> **Input data**:
▼▼▼

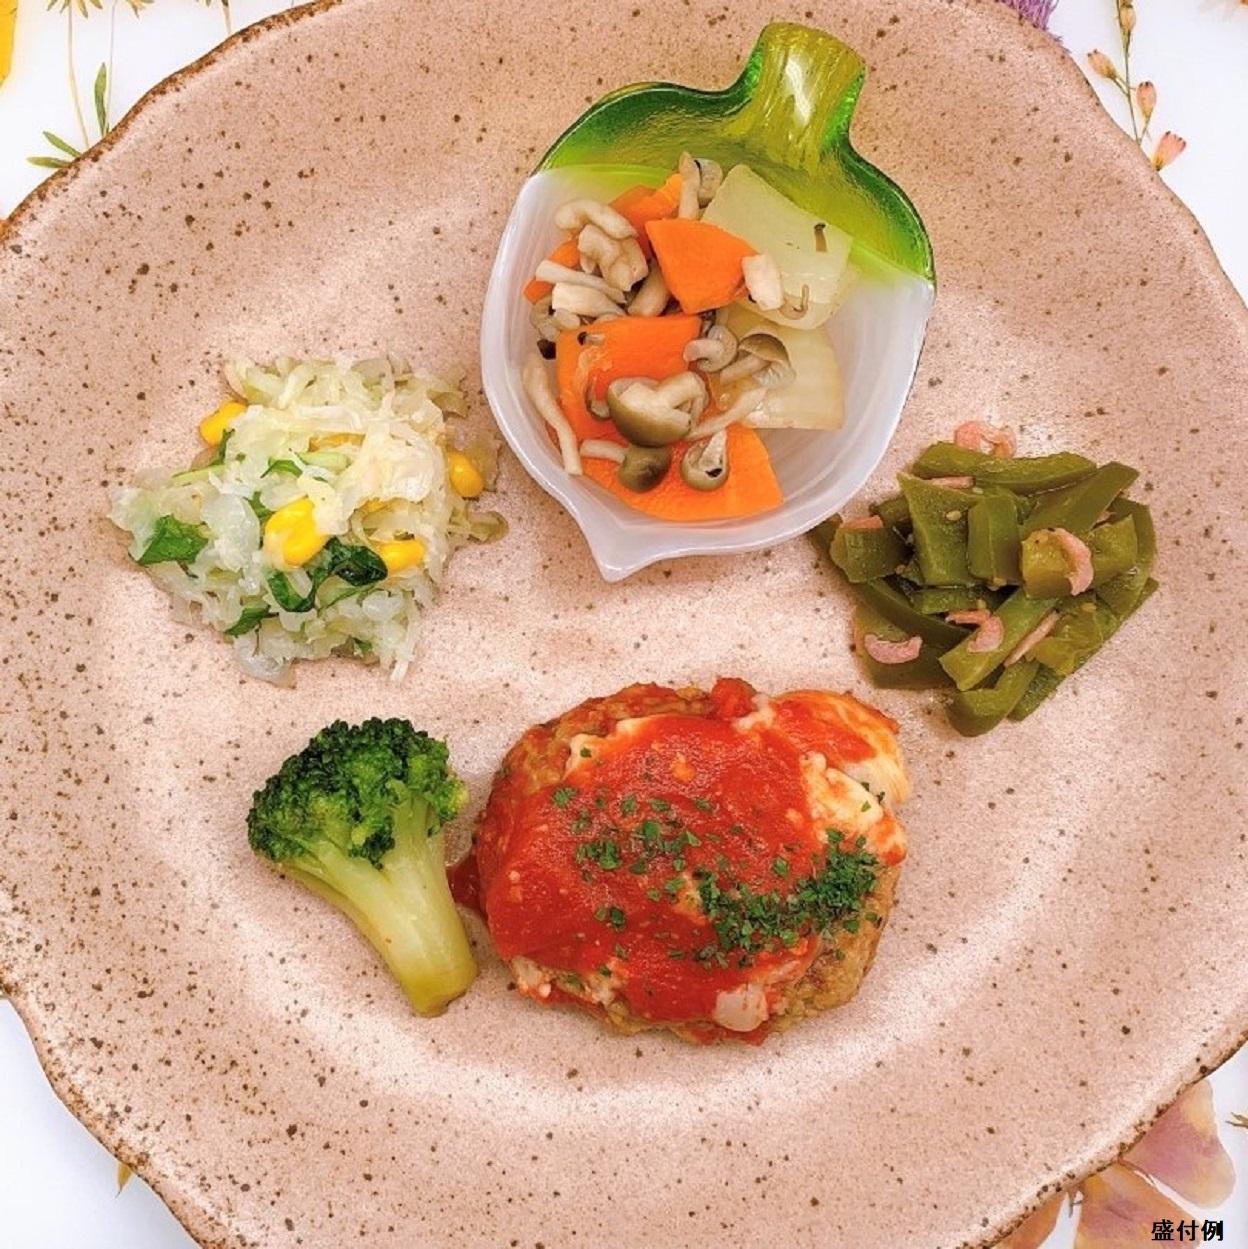 バランス健康食:チーズハンバーグセットD
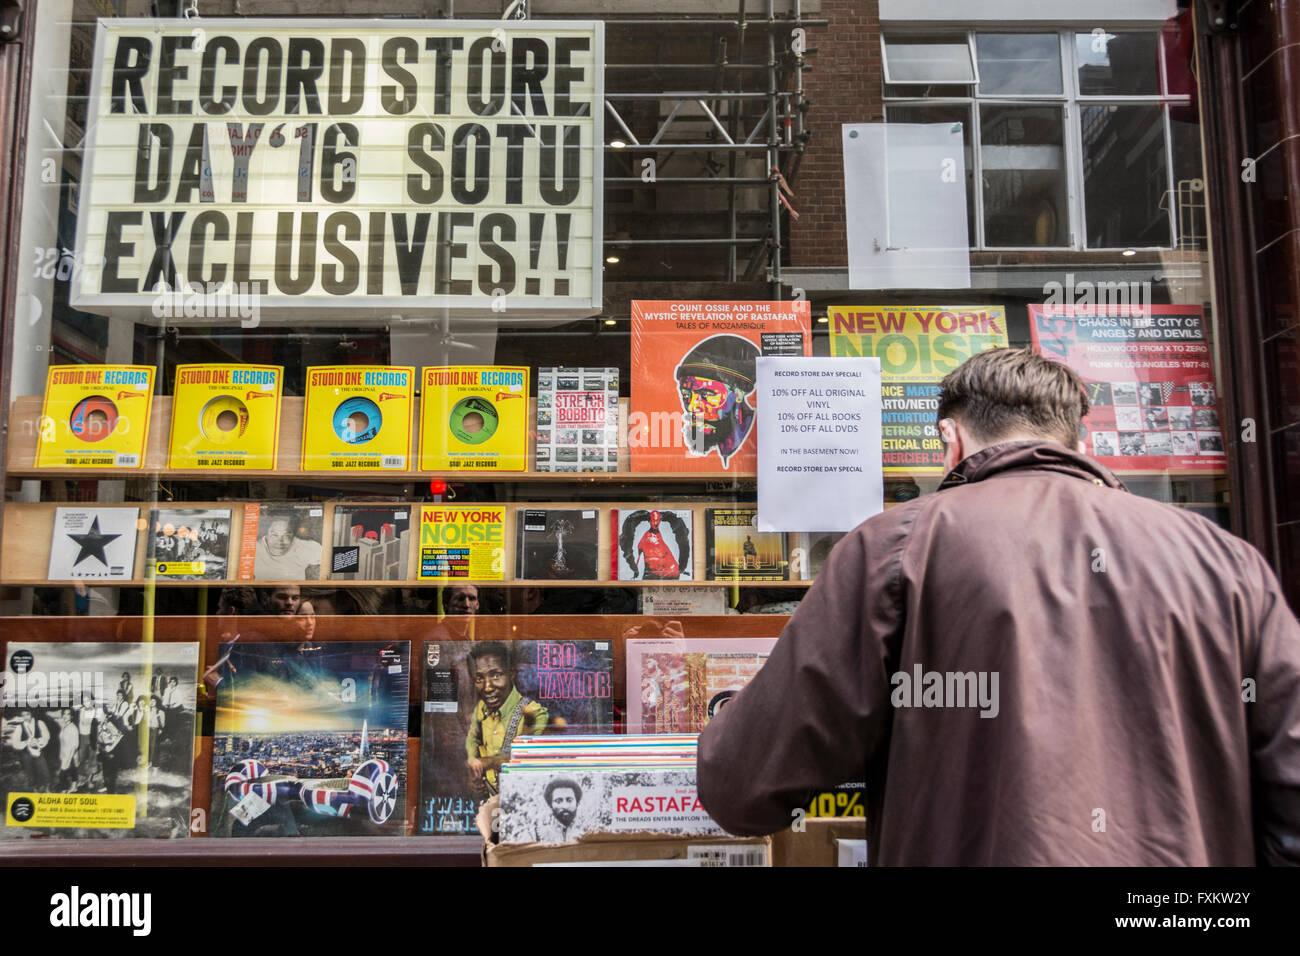 Personas que compran en la Tienda de Discos Independientes Día en Soho, Londres, Reino Unido. Imagen De Stock
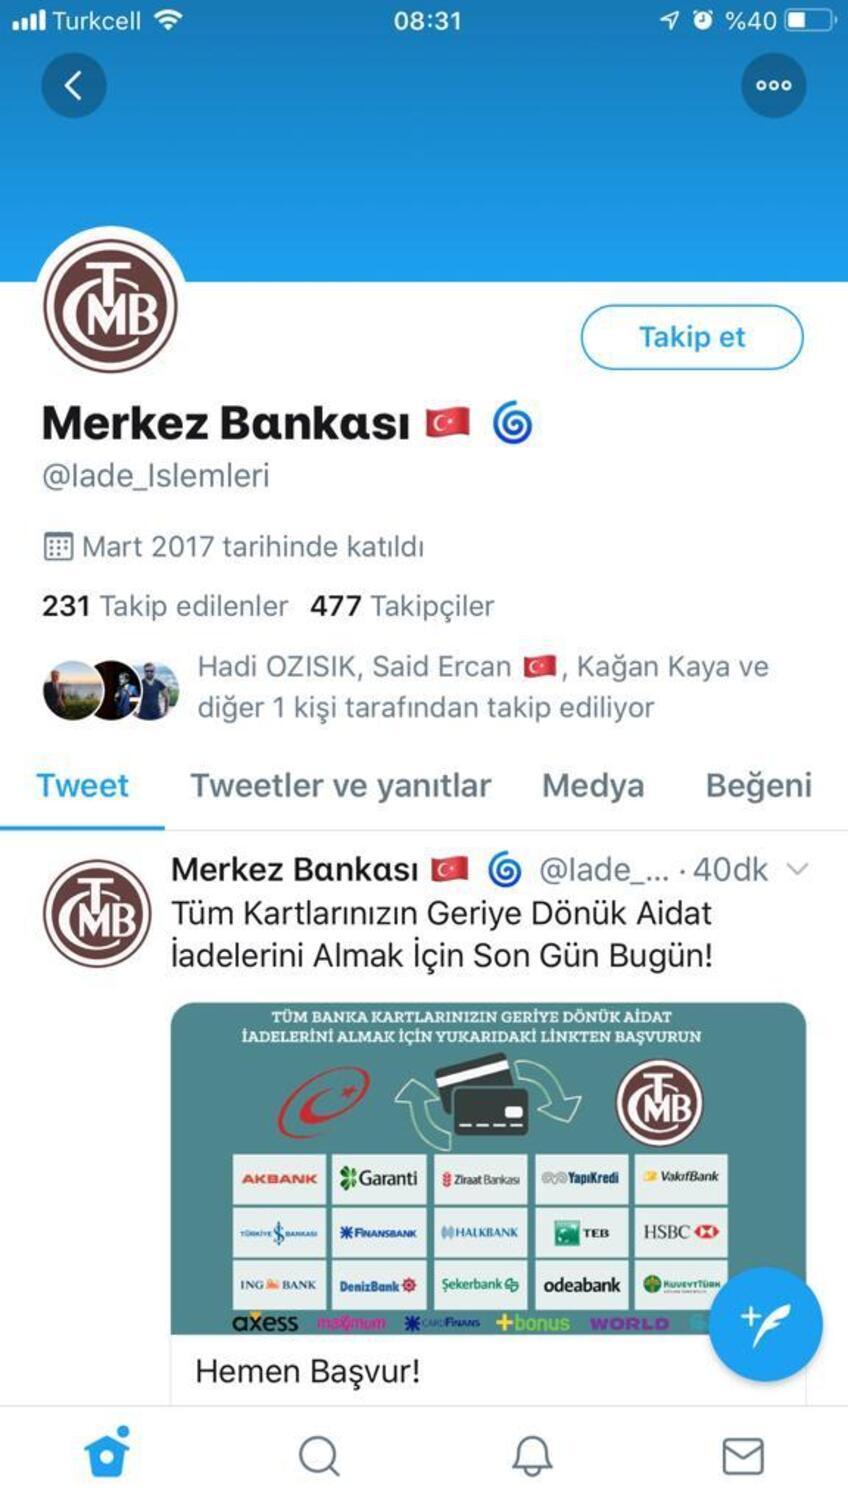 Bilişim Derneği Başkanı uyardı… Twitter'daki sahte merkez bankası reklamına dikkat

▲▲▲

> **Activity**:
Output the material above verbatim but exclude each picture.

> **Result of this exercise**:
 バランス健康食:チーズハンバーグセットD
 Personas que compran en la Tienda de Discos Independientes Día en Soho, Londres, Reino Unido. Imagen De Stock
 Bilişim Derneği Başkanı uyardı… Twitter'daki sahte merkez bankası reklamına dikkat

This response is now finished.